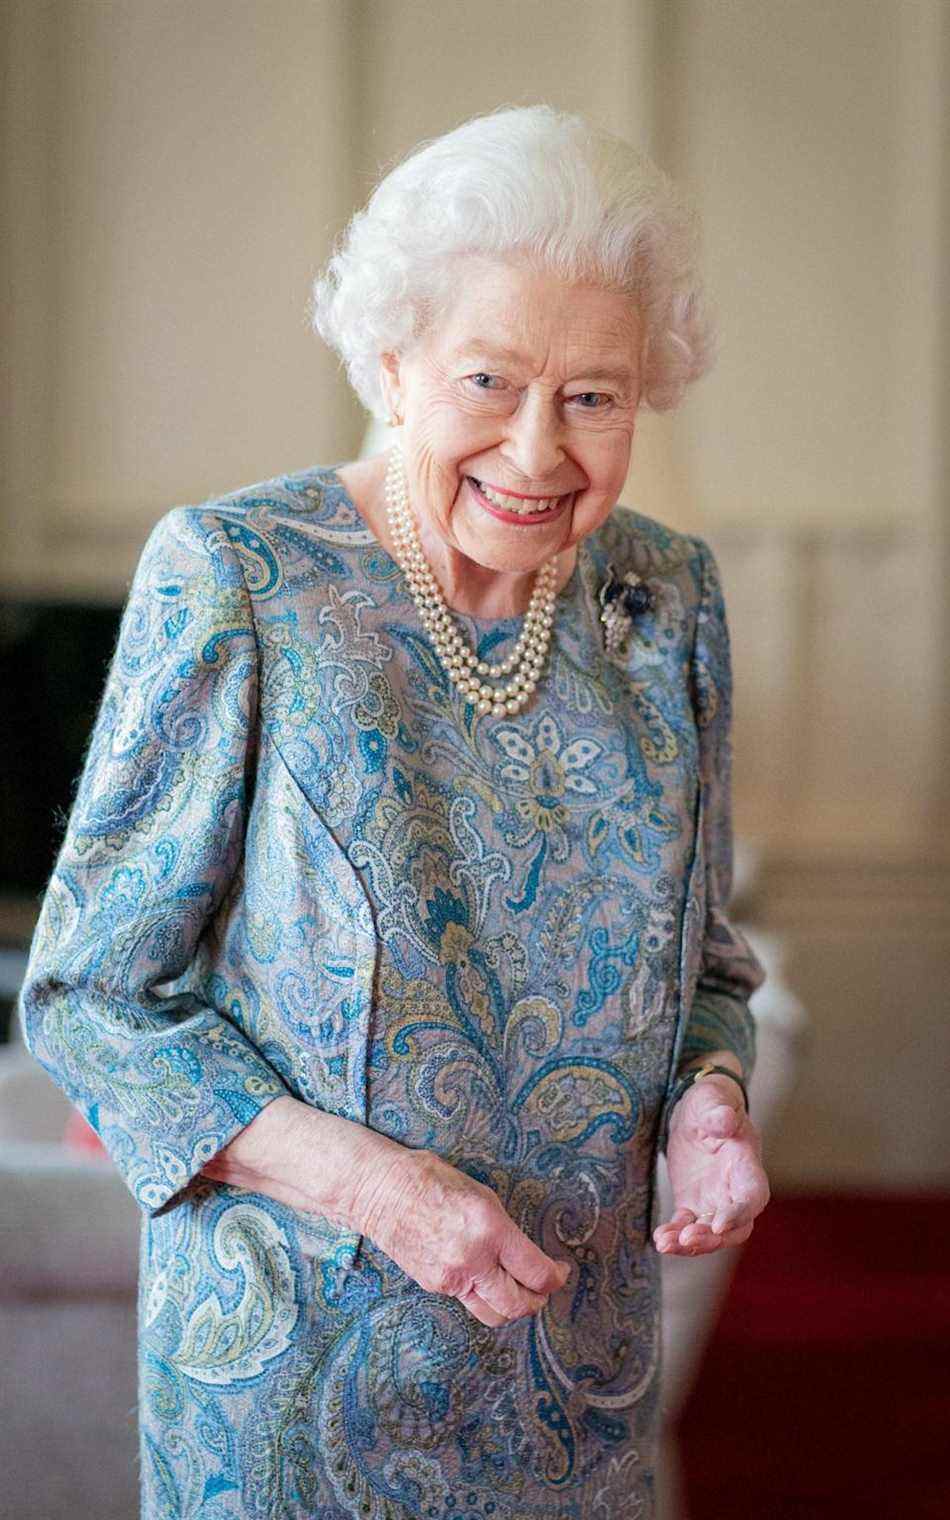 Sa Majesté dans une robe en soie à motifs cachemire bleu et gris, avec une broche en saphir et diamants sur le thème des fruits - Dominic Lipinski/AFP via Getty Images 
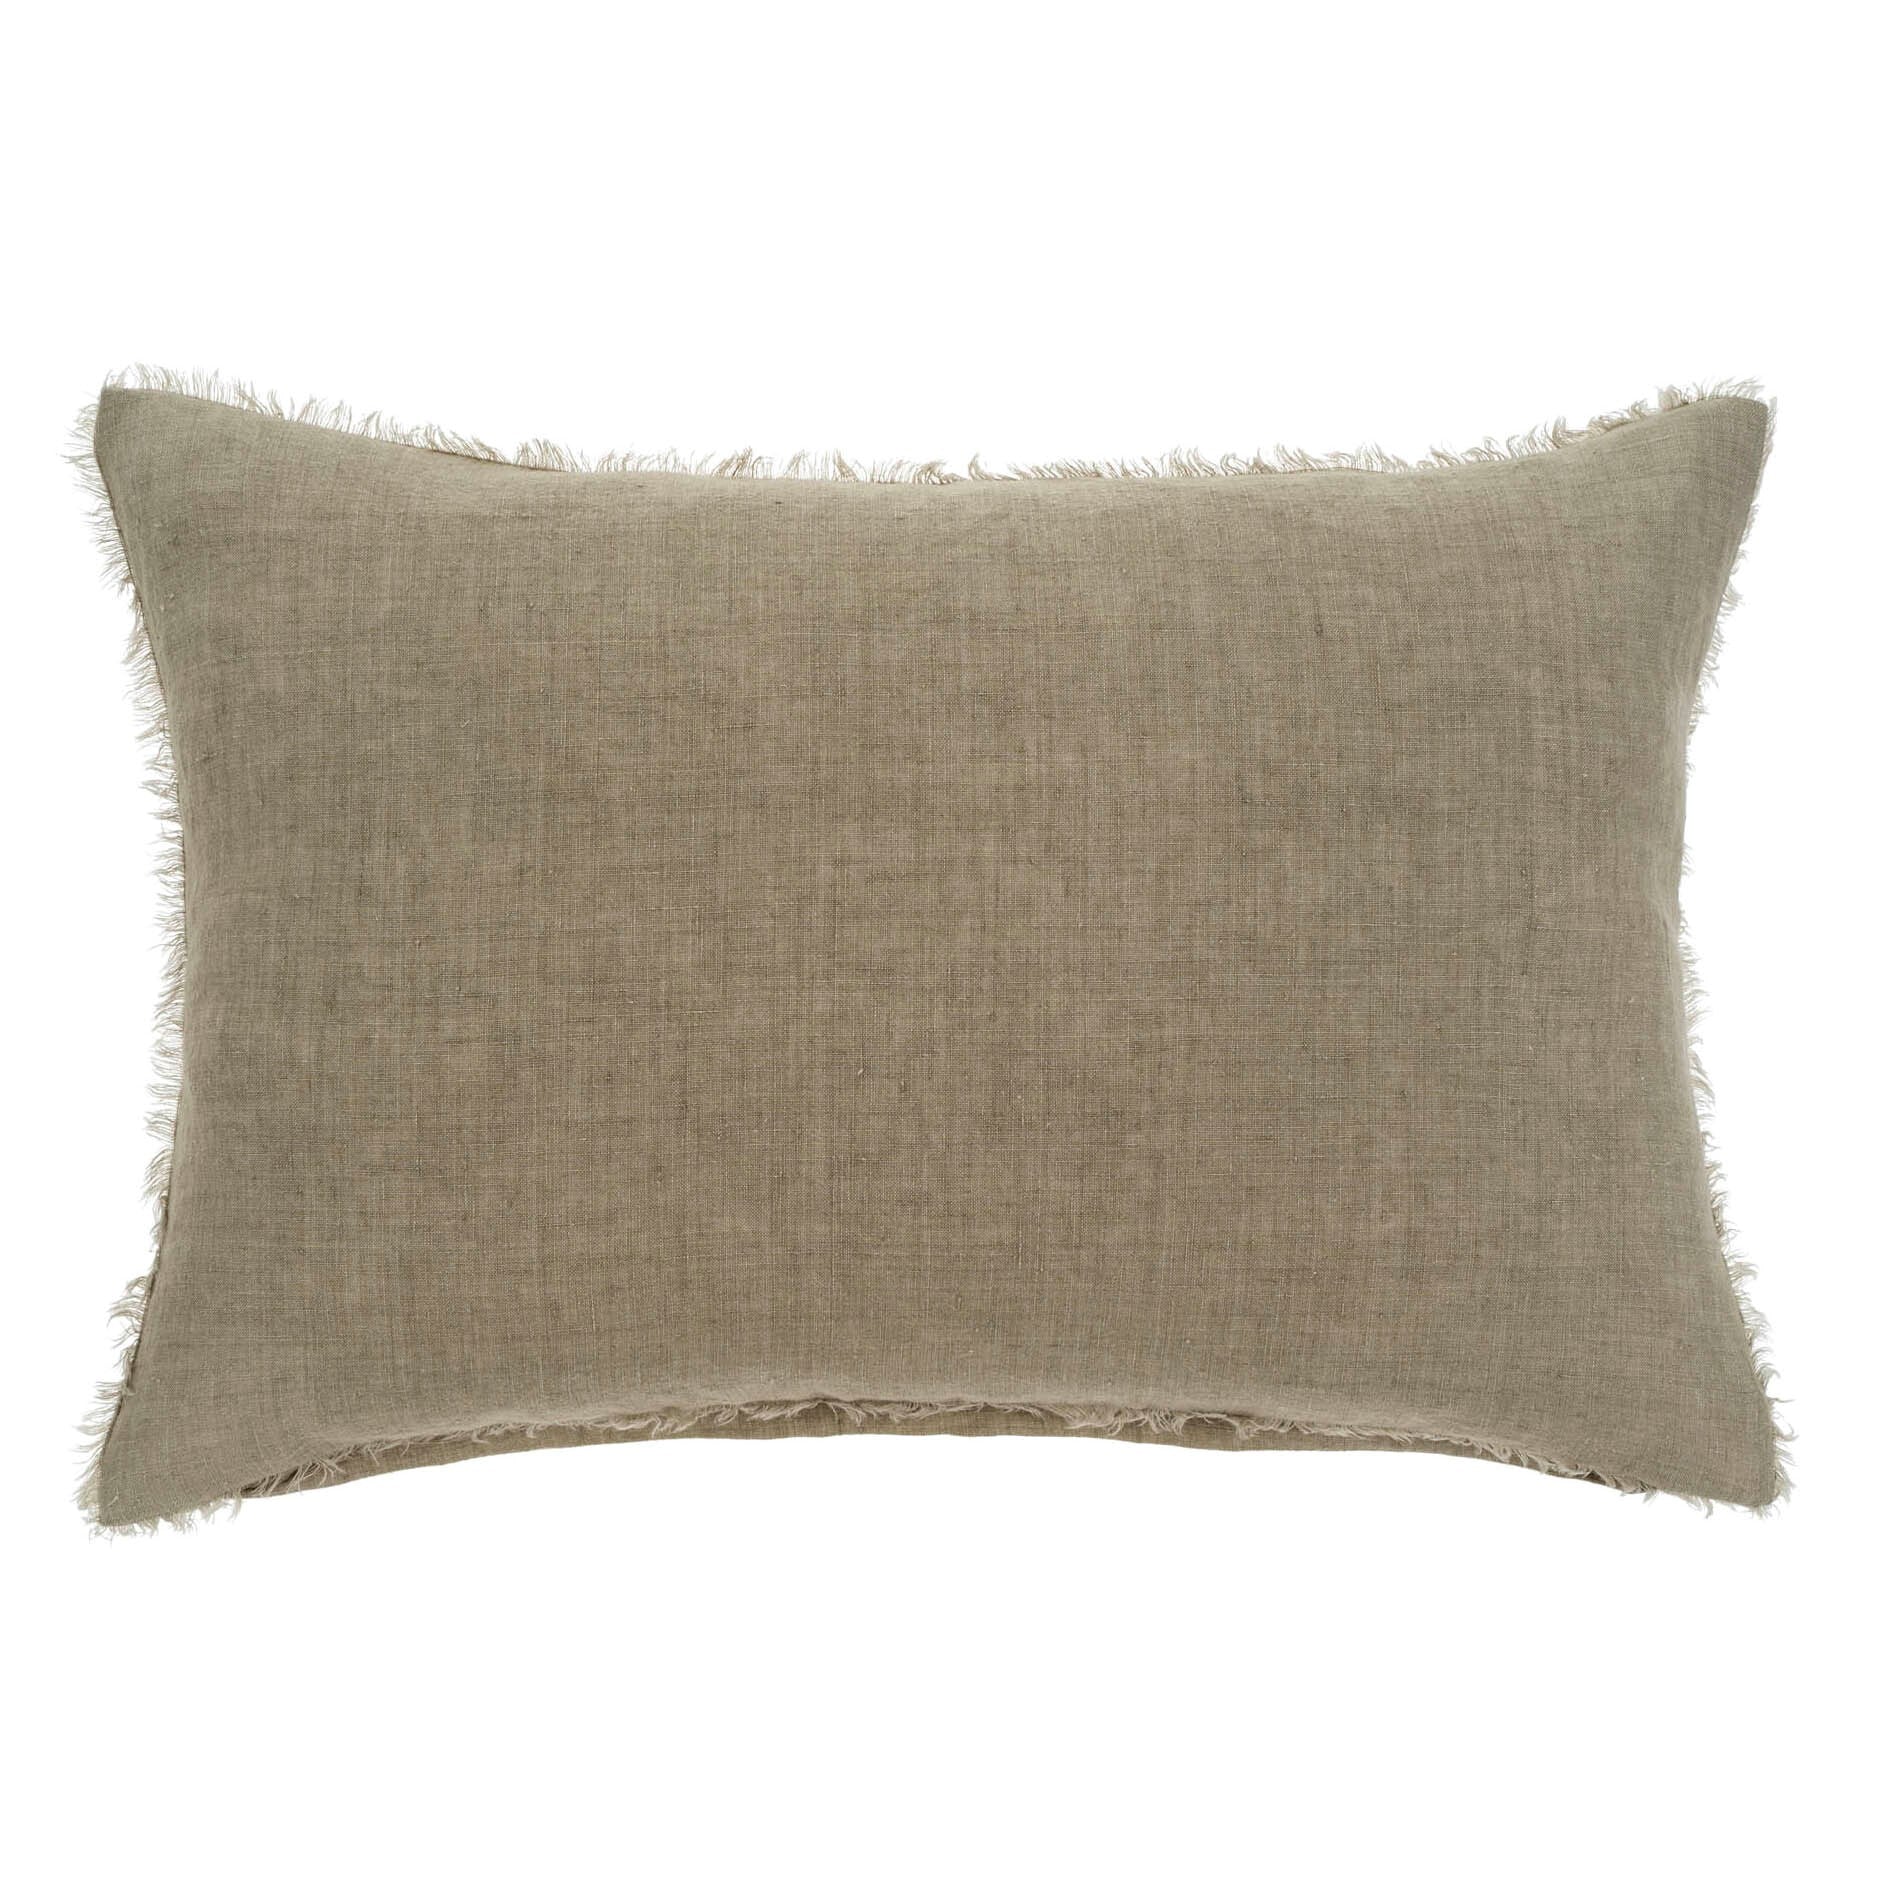 Indaba Lina Linen Cushion   1-1750  Sand
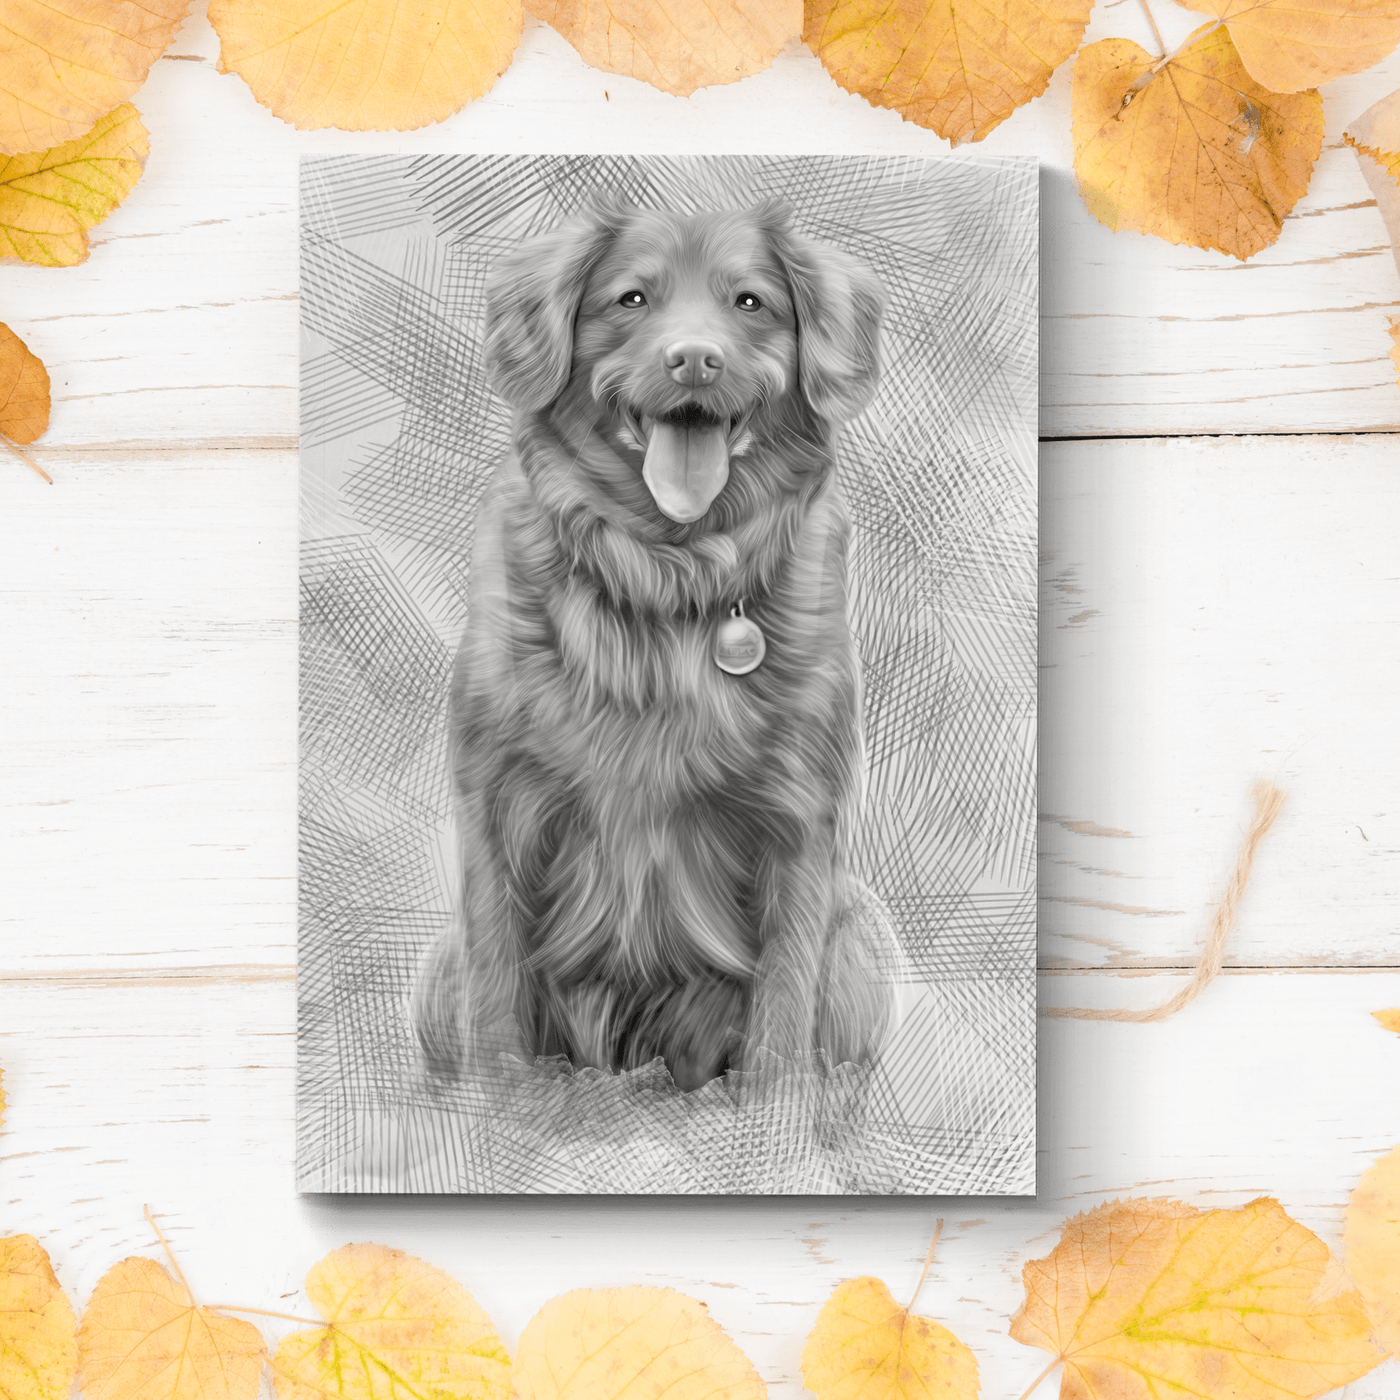 pencil pet portrait of an adorable fur dog
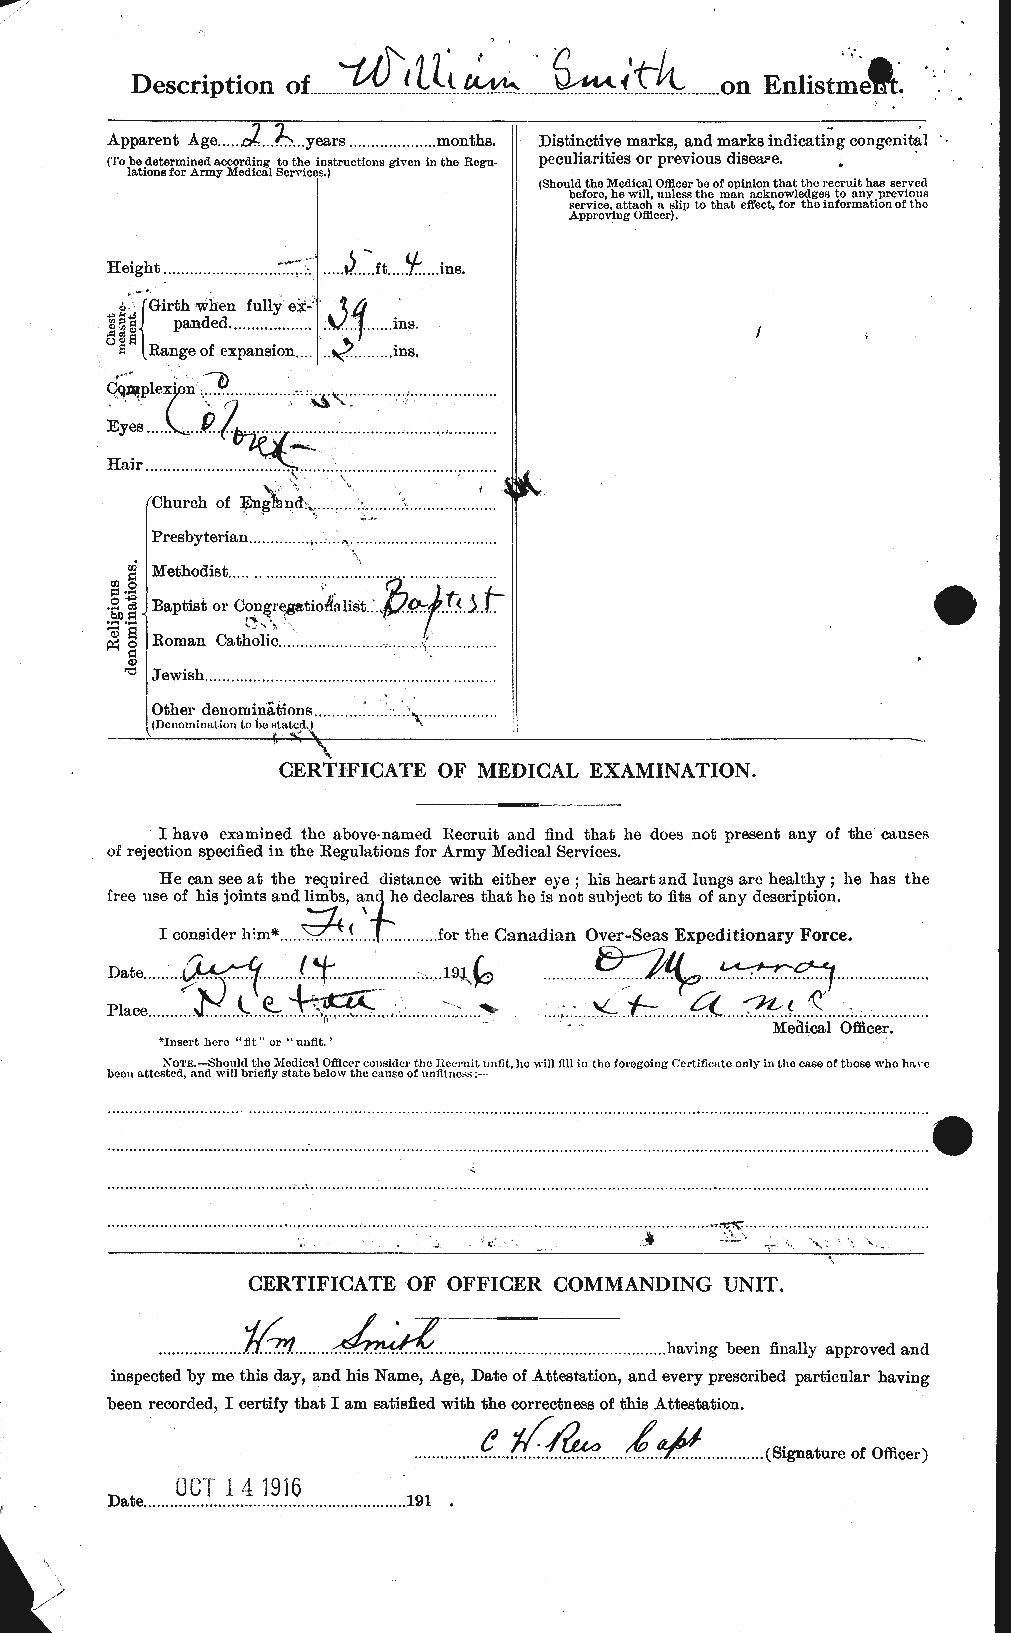 Dossiers du Personnel de la Première Guerre mondiale - CEC 111332b

- - -

- Work item -
Pictures are not part of the answer, which must be the exact lines from the one holding "pencil pet portrait of an adorable fur dog" through the end of the material, both ends included.

- Problem solution -
 pencil pet portrait of an adorable fur dog
 Dossiers du Personnel de la Première Guerre mondiale - CEC 111332b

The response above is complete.